Executive Summary
Leeds City Council have ambitions to improve air quality in Leeds and reduce the City’s carbon emissions, whilst also providing their council tenants with more reliable and lower cost heating.
Leeds Pipes Study
Lorem Ipsum
Leeds City Council have ambitions to improve air quality in Leeds and reduce the City’s carbon emissions, whilst also providing their council tenants with more reliable and lower cost heating.
With funding assistance from West Yorkshire Combined Authority, Leeds City Region Enterprise Partnership and the European Regional Development Fund (ERDF), the council have invested £35m into connecting 1,983 properties and numerous businesses to an efficient district heating network.
We are providing the design and build services for the solution, and the operation and maintenance services for the HIUs within the multi storey flats for 5 years and the district heating network and energy centres for 12 years. Our solution will reduce carbon emissions by 22,000 tonnes per year, and reduce fuel bills by between 10-25%.
We designed a solution whereby an energy centre at Cross Green would harness steam from the Veolia operated Recycling and Energy Recovery Facility (RERF).
This converted the steam into low temperature hot water and feeding it through a 16.5km district heating network to supply heat and hot water for 26 apartment blocks and businesses. The scheme also includes the construction of an additional energy centre at Saxton Gardens that will act as an energy top-up and back-up to provide additional resilience for the network.
The project was initially procured as two separate schemes, and as the winning tenderer for both, we were able to create a hybrid solution.
We analysed the concept design created by the client’s design team which initially consisted of two independent district heating networks with an energy centre at Cross Green containing equipment to utilise the waste steam from the RERF and with additional equipment to function as back-up, along with various satellite back-up boiler houses along the networks.
We looked at the two proposals together to identify areas to generate greater network efficiency and financial savings.

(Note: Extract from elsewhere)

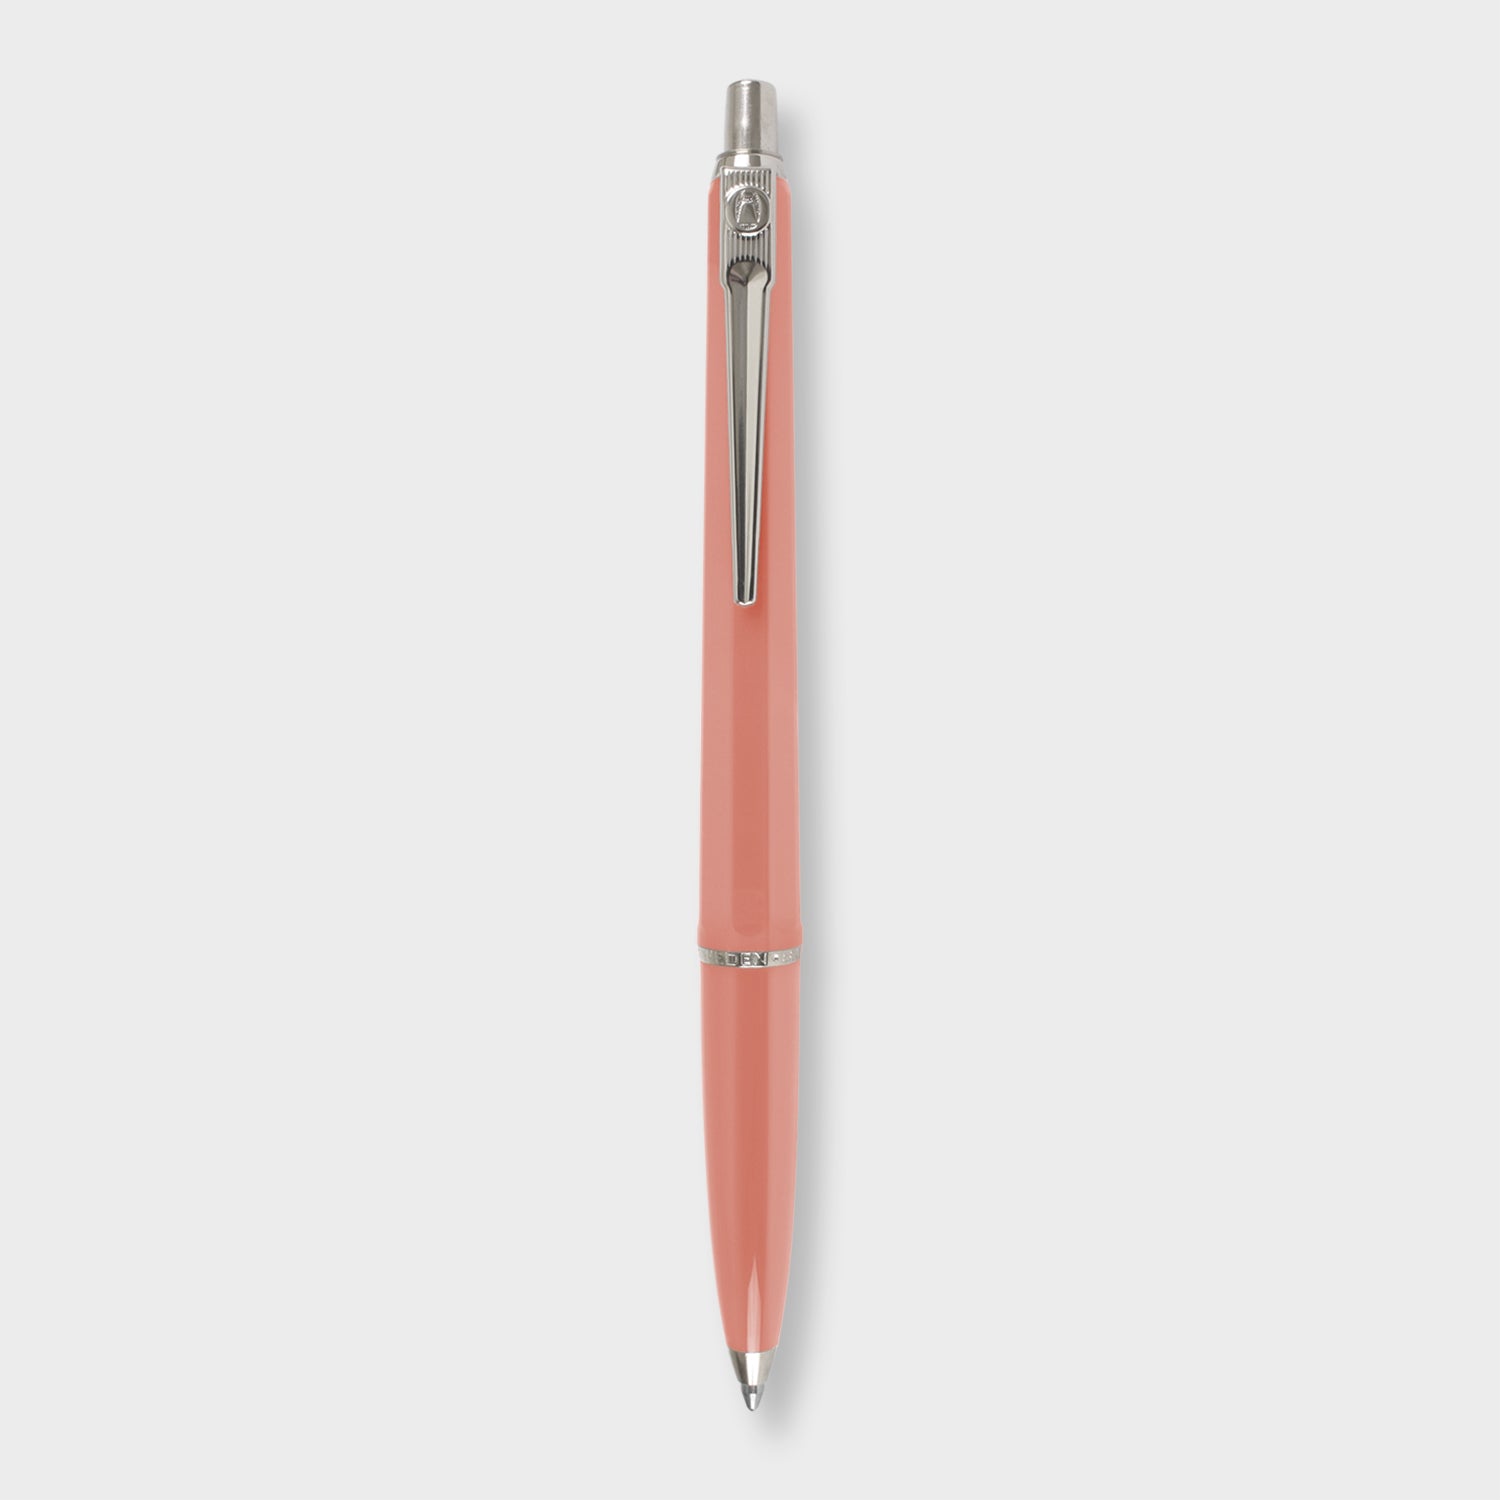 Epoca P Ballpoint Pen, salmon pink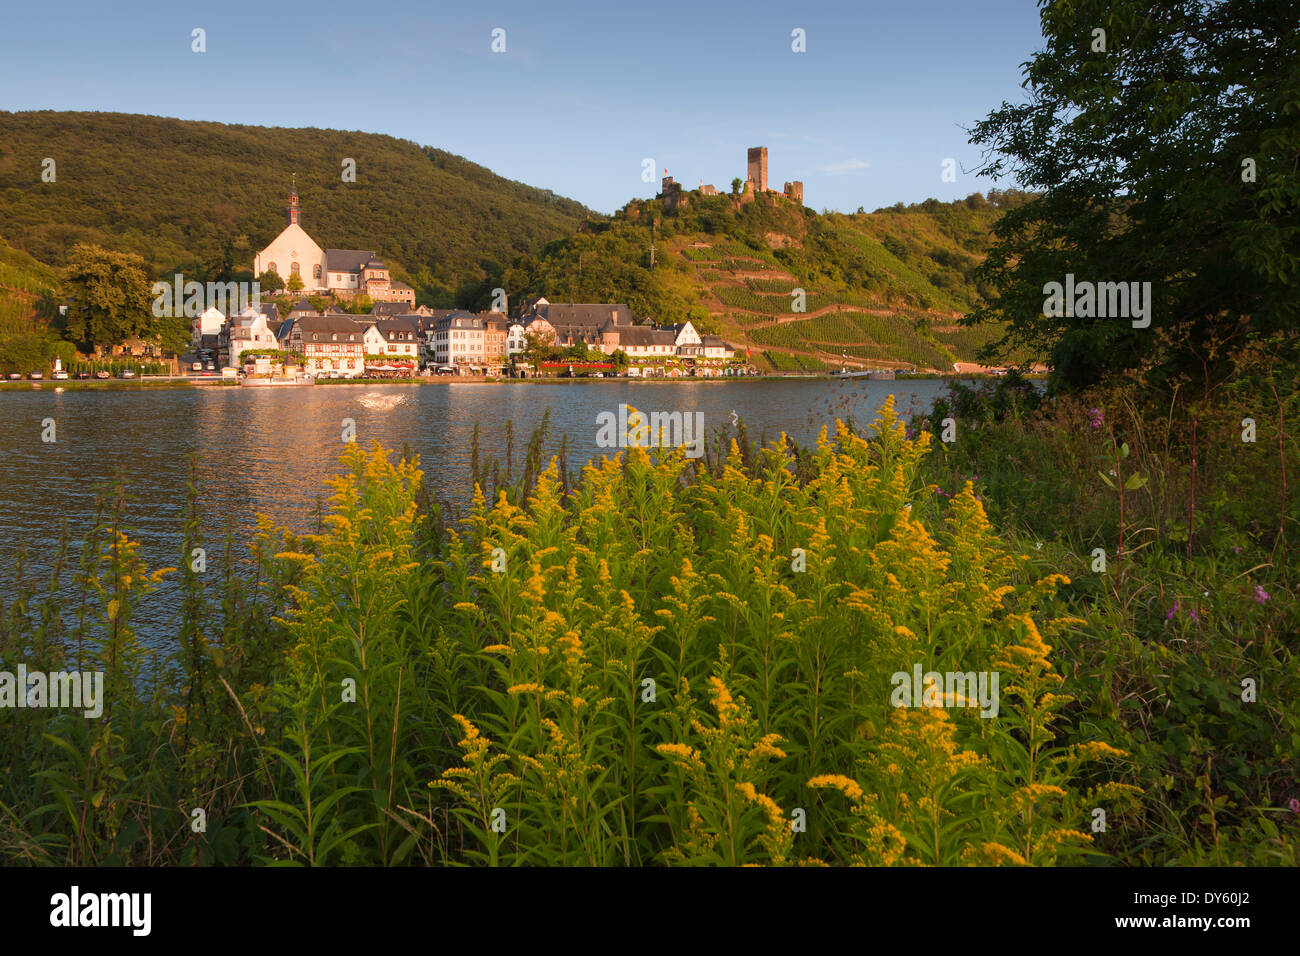 Et Beilstein château Metternich, Moselle, Rhénanie-Palatinat, Allemagne Banque D'Images

Once under contract, we agreed design changes that combined the two networks into one singular network. This featured a main energy centre at Cross Green and a resilience energy centre at Saxton Gardens, taking away the need to include additional plant rooms. This reduced the capex of the project by 12.5%.

Additional network resilience through a fully equipped back-up energy centre
The Cross Green energy centre will act as the interface between the RERF and the Leeds PIPES heat network and is equipped with distribution pumps, two 100,000 litre thermal stores and associated controls systems. It will convert the 20MW of steam from the RERF into Low Temperature Hot Water which will be pumped along the transmission line, passing through to the Saxton Gardens energy centre.
The Saxton Gardens energy centre will provide resilience to the network. The location of the Saxton Gardens energy centre is further along the network than some of the identified future connections, so we devised a system to allow a back-feed to serve these future zones should the Cross Green energy centre go offline.
We completed a load analysis of the minimum and peak energy demands to ensure the Saxton Gardens energy centre is fully equipped to manage the peak 33MW of consumption, and provide spare equipment should there be any failures. The equipment includes four 11MW gas-fired boilers, two 750kW modular gas boilers, four expansion vessels, four distribution pumps and a 20m high multi-core chimney.
Our design has been developed using specialist collaborative 3D modelling of the two energy centres to identify and resolve any issues with the operation of the equipment prior to construction.
We worked with planning consultants, Turley to assist in the smooth attainment of planning permissions, and organising engagement events with the local community.
Due to the scheme being partially funded by the ERDF, we have to abide by specific timescales agreed with the funding body and so it is essential that we meet these goals.
The council has adopted Local Development Order 3 (LDO), which gives district heating permitted development rights over certain parcels of council and partner owned land. We routed the pipework in LDO designated land to decrease timescales as planning permissions were not required. We completed ground radar and buried surveys which highlighted any areas to avoid, allowing us to design a pipework path that could be implemented as smoothly as possible.